Who else hates airplane food? Assuming that’s just about everybody, allow us to offer up a better alternative.
Lately when flying, we’ve been craving big, hearty salads. Bonus: They’re easy to pack to go for travel! This 30-minute salad is customizable and insanely satisfying, and it features my NEW favorite savory tahini dressing! Let’s do this!
This salad starts with roasted vegetables, which we love adding to salads for extra flavor and heartiness.
You can choose your favorites. We went with sweet potato, cabbage, and zucchini. You can even keep them oil-free by following this Oil-Free Roasted Vegetable recipe.
The dressing is kind of the star of the show. It starts with tahini and is flavored with fresh garlic, garlic powder, a pinch of sea salt, and coconut aminos. The result is a creamy, luxurious, savory dressing that pairs perfectly with the flavors in this salad (and just about every other salad, for that matter).
We hope you LOVE this salad! It’s:
& So easy to make
This would make the perfect weeknight meal or side when you need something on the table fast.
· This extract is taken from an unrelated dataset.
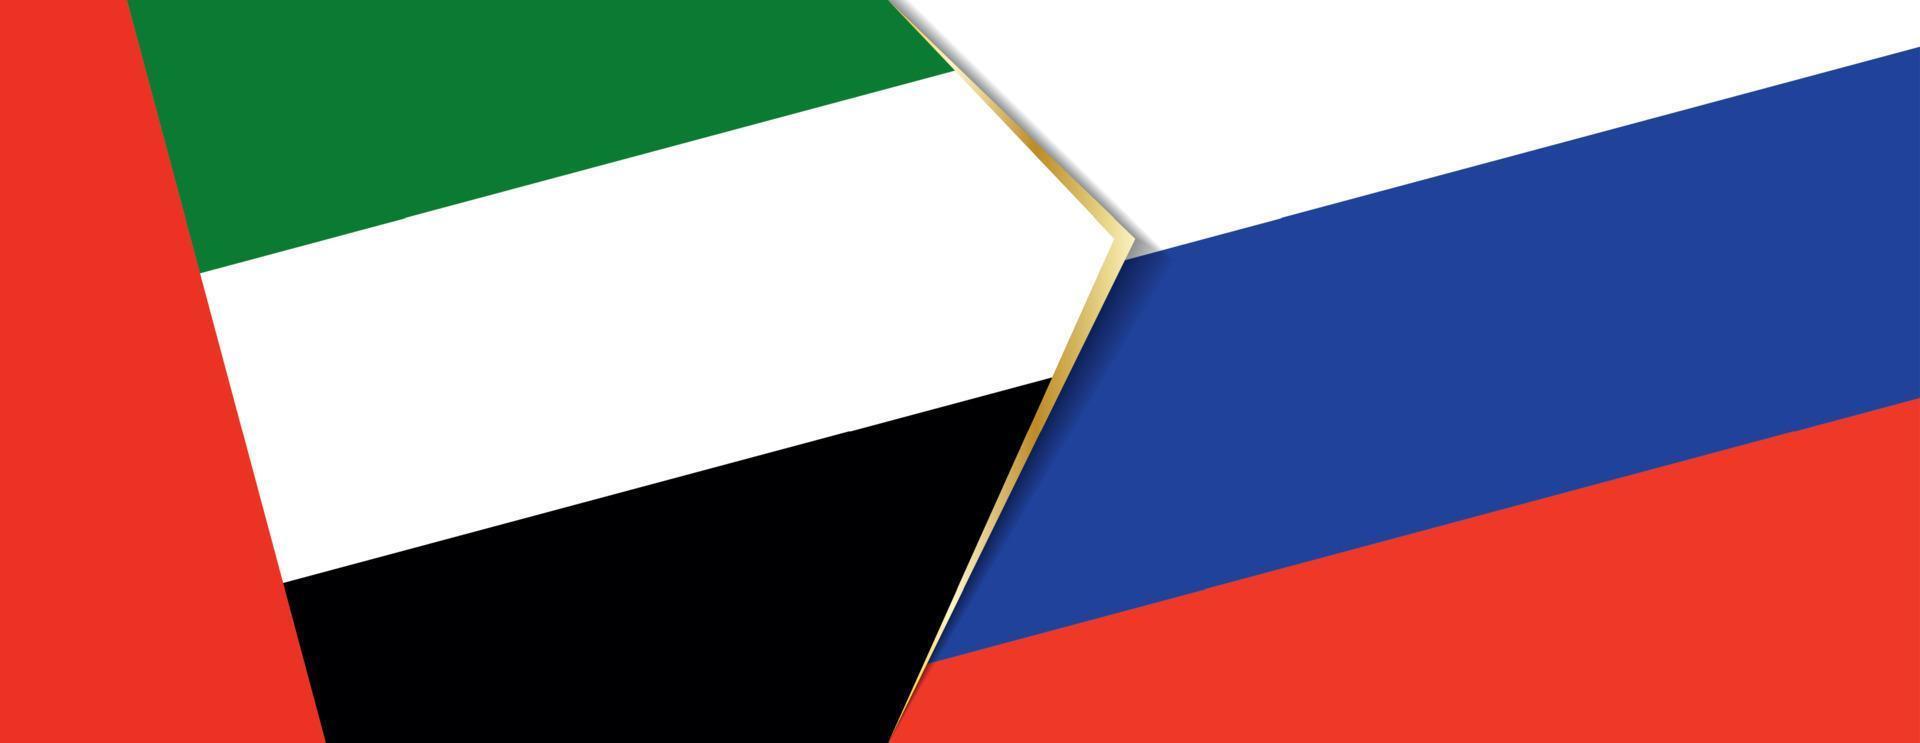 unito arabo Emirates e Russia bandiere, Due vettore bandiere.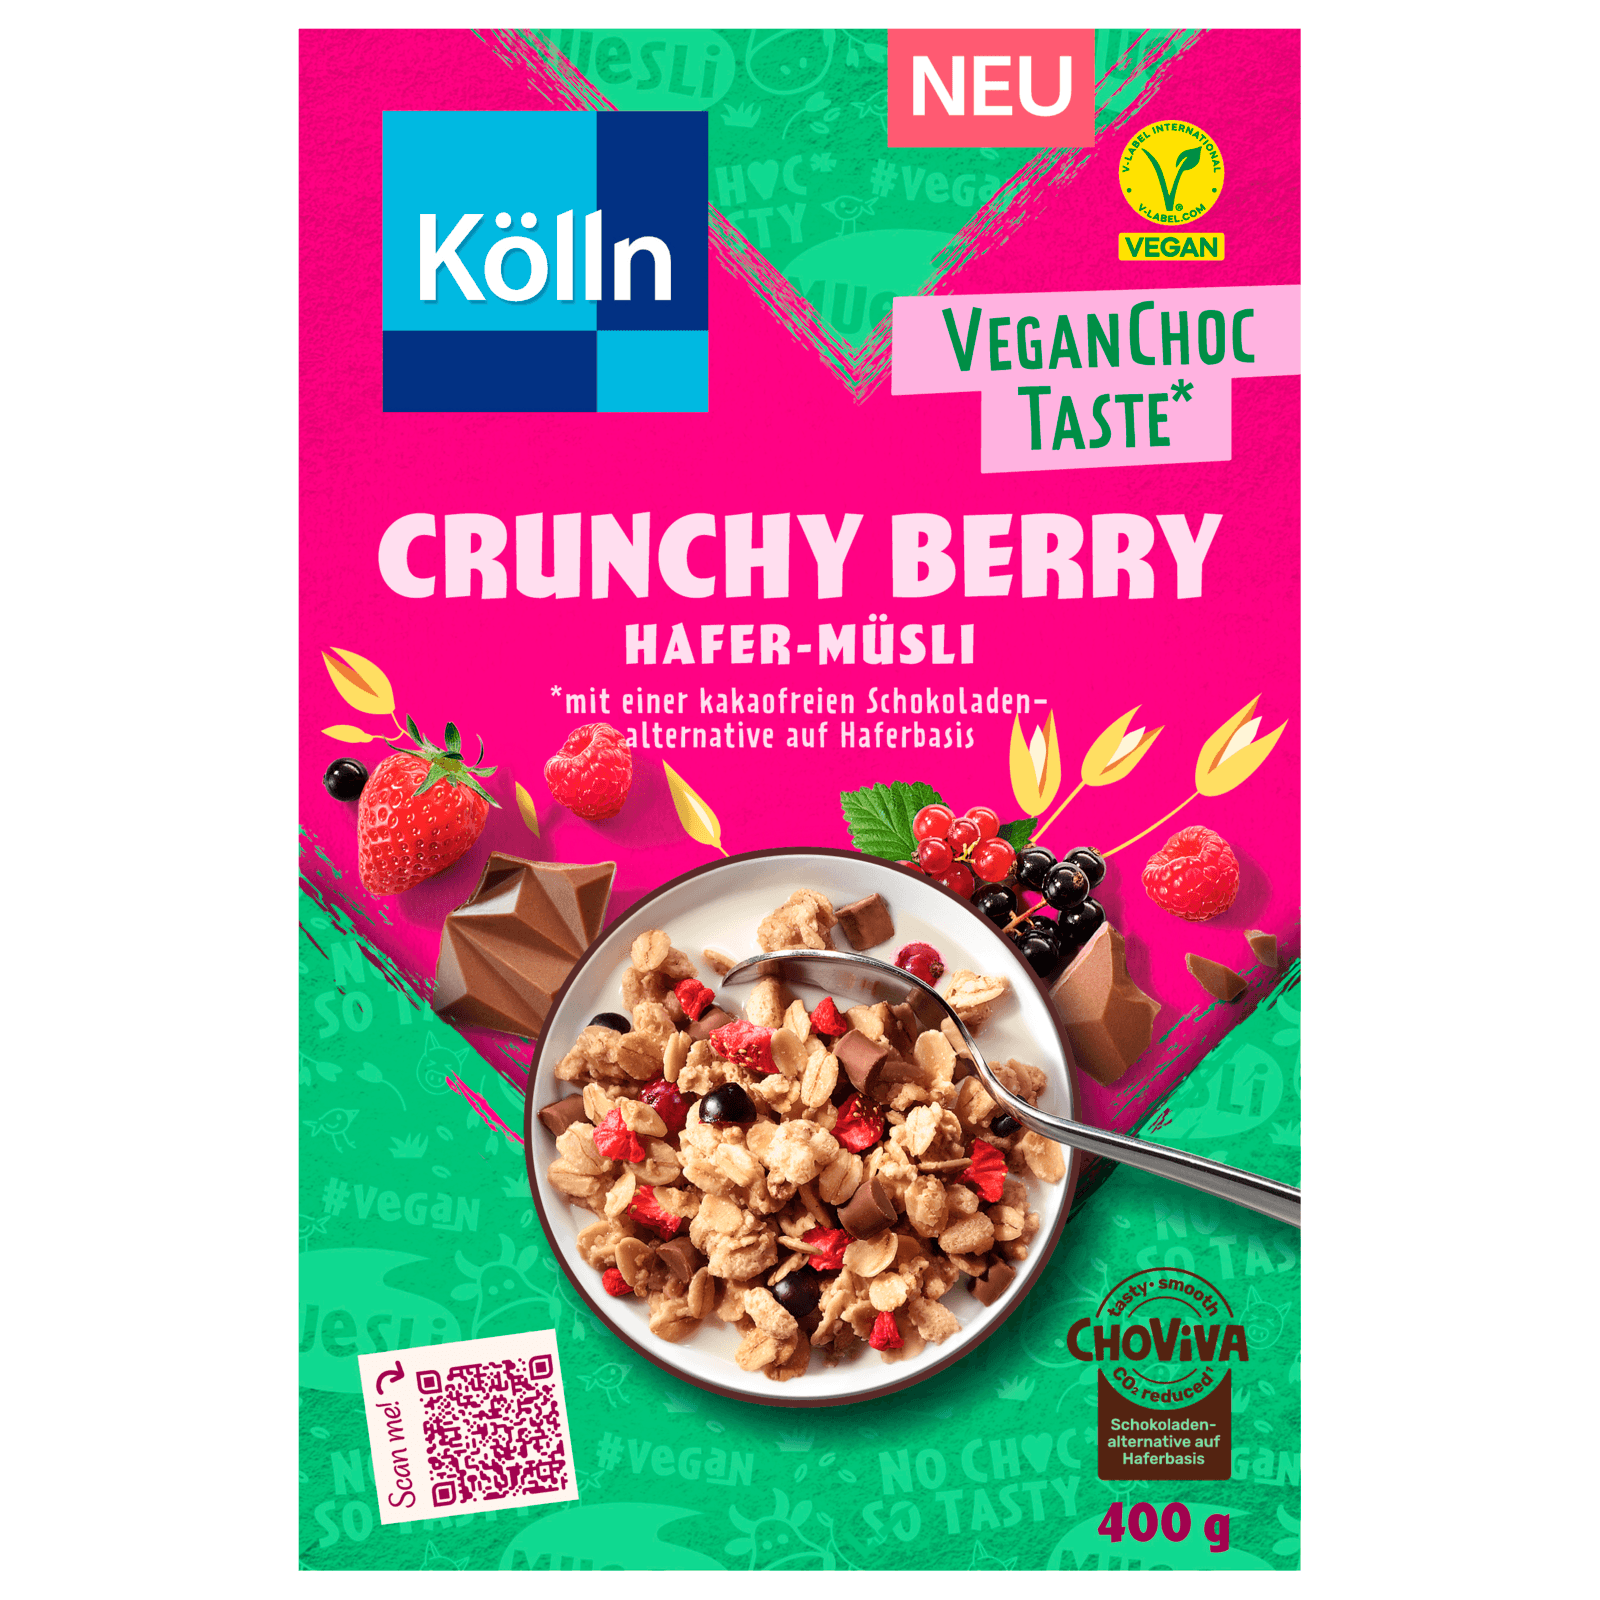 Kölln Crunchy online bei vegan Berry bestellen! VeganChocTaste Hafer-Müsli REWE 400g

As we mentioned before, it would also pack up nicely to take along on road trips or flights (we just keep it refrigerated as long as possible and then eat it as soon as the plane takes off for freshness).
This salad would pair well with my Romesco Soup with Smashed Chickpeas, Sweet Potato Black Bean Burgers, Rich Red Curry with Roasted Vegetables, 1-Pot Everyday Lentil Soup, or Vegan Pumpkin Mac ‘n’ Cheese!
If you try this recipe, let us know! Leave a comment, rate it, and don’t forget to tag a photo #minimalistbaker on Instagram so we can see what you come up with. Cheers, friends!
Abundance Kale Salad with Savory Tahini Dressing
An abundant kale salad with roasted sweet potato, zucchini, avocado, sprouts, crispy chickpeas, and kimchi! Topped with a savory tahini dressing, this salad makes the perfect 30-minute meal or side.
Author: Minimalist Baker
Recipe type: Entrée, Salad
Cuisine: Vegan, Gluten-Free
- 1 zucchini (150 g), sliced in 1/4-inch rounds
- 1 medium sweet potato (150 g), sliced in 1/4-inch rounds
- 1 cup (70 g) shredded red cabbage
- 1 Tbsp (15 ml) melted coconut oil (or sub water or use our method for oil-free vegetables)
- Pinch sea salt
- 1/2 tsp curry powder (or store-bought)
- 1/3 cup (80 g) tahini
- 1/2 tsp garlic powder, plus more to taste
- 1 Tbsp (15 ml) coconut aminos, plus more to taste (or sub tamari or soy sauce)
- Pinch sea salt (omit if using tamari or soy sauce, as the flavor is more intense)
- 1 large clove garlic, minced (~3 g)
- Water to thin (~1/4 cup or 60 ml)
- 6 cups (~300 g) mixed greens (kale, romaine, mixed greens, etc.)
- 4 radishes, thinly sliced (18 g)
- 3 Tbsp (30 g) hemp seeds
- 1 ripe avocado, cubed (146 g)
- 2 Tbsp (30 ml) lemon juice or apple cider vinegar
TOPPINGS optional / choose your favorites
- If serving with quinoa or crispy chickpeas, prepare at this time (follow links / see notes for instructions). Otherwise, proceed to step 2.
- Preheat oven to 375 degrees F (190 C) and arrange zucchini, cabbage, and sweet potatoes on baking sheet. Drizzle with coconut oil (or sub oil-free options), sea salt, and curry powder and toss to combine. Roast for 20 minutes or until tender and slightly golden brown.
- In the meantime, prepare dressing by adding tahini, garlic powder, coconut aminos, sea salt, and garlic to a small mixing bowl and whisking to combine. Then add enough water to thin until pourable and whisk until smooth. Taste and adjust seasonings as needed, adding more garlic powder for garlic flavor, coconut aminos for depth of flavor, or salt for saltiness. Set aside.
- Assemble salad by adding greens, radishes, hemp seeds, and avocado to a large mixing bowl. Add the lemon juice (or apple cider vinegar) and gently toss to combine.
- Add roasted vegetables and any other desired toppings (quinoa, chickpeas, etc.) and serve with dressing.
- Best when fresh, though leftovers keep well stored in the refrigerator up to 3 days. Dressing stored separately will keep for 7 days. Chickpeas should be stored separately at room temperature to maintain crispiness.
*To prepare quinoa, add 1 cup (184 g) quinoa, a pinch of salt, and 1/2 tsp curry powder (optional) to a small saucepan over medium heat. Toast for a few minutes, stirring occasionally. Then add 1 3/4 cups (420 ml) water and bring to a boil. Once boiling, reduce heat to low and simmer covered for 18 minutes or until all water is absorbed. Remove from heat and let cool (uncovered) until serving.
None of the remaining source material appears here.